Now imagine we had a new observation that we wanted to classify.

If we were to use only our previous information about the data, we would guess this new point is blue because historically we have had more blues than reds in the overall population. However, let’s bring in the first piece of information - looking at observations with similar characteristics. We can define these observations visually, by looking at observations that are narrowly around the point of interest.

If we were only to look at observations that are similar as this new observation (the points in the oval), then we would see that there are 3 times more red observations than blue observations. These probabilities are called conditional probabilities. If we were to only use this information from similar observations in the data, we would guess this new point is red because there are more reds than blues that look like our new data point.

Naïve Bayes combines both of these pieces of information together. We will multiply our prior probabilities by our conditional probabilities.

The downside of this is that these probabilities are not as intuitive since they do not sum up to 1. Therefore, these probabilities are scaled to make their sum equal to 1 and their values more interpretable.

Now we have final probabilities (called posterior probabilities) of both red and blue for our new observation we are trying to classify. Based on the math above, there is a 60% chance the new observation is red and a 40% chance it is blue. If we only use a frequentist approach (the first source of information), we would more strongly think the new observation is red since 75% of the data that looks like that new point is red. However, the Bayesian side of the problem brings in our prior information where 67% of the overall data is blue. Our final guess is still red, but it is not as high as before because of the correction from the prior data - our second source of information.
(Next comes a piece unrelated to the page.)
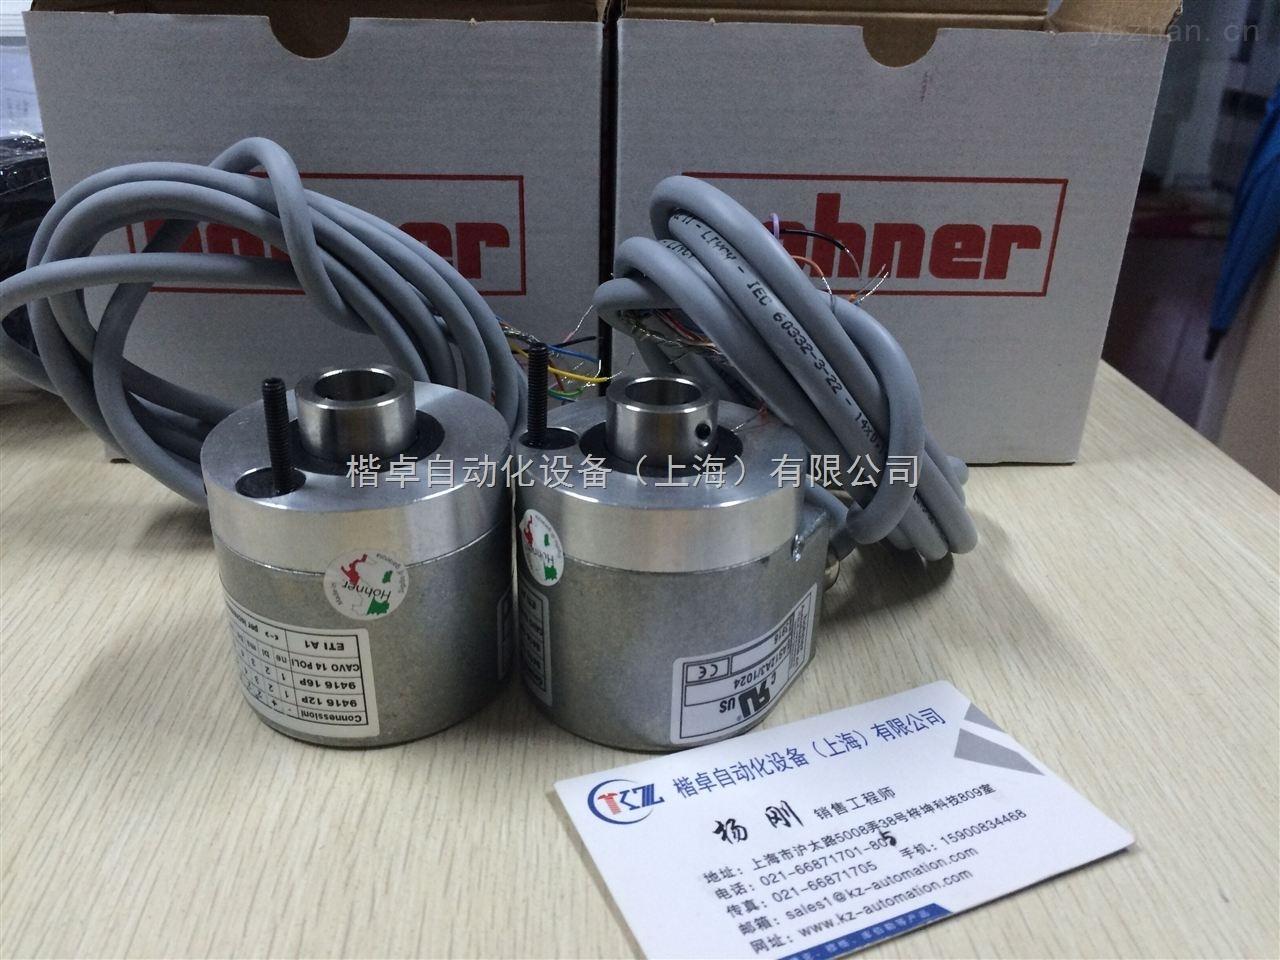 HWI103S-2061R121-2500德國進口一手貨源Hohner編碼器價格

One big assumption of the Naïve Bayes classification method is rather hard to accept - predictor variables are independent in their effects on the classification, or in other words, no interactions. This assumption is the “naïve” part of the algorithm. However, in practice, this assumption doesn’t seem to drastically impact our final posterior probability predictions.

Underlying Math

Bayesian classifiers are based on Bayes’ Theorem:

\[ P(y|x_1, x_2, \ldots, x_p) = \frac{P(y) \times P(x_1, x_2, \ldots, x_p|y)}{P(x_1, x_2, \ldots, x_p)} \]

The Naïve Bayes classifier assumes that the effect of the inputs are independent of one another. Remember the rule about probabilities and independent events:

\[ P(A \cap B) = P(A) \times P(B) \]

Based on this rule, Bayes’ Theorem now becomes:

\[ P(y|x_1, x_2, \ldots, x_p) = \frac{P(y) \times P(x_1|y) \times \cdots P(x_p|y)}{P(x_1) \times \cdots P(x_p)} \]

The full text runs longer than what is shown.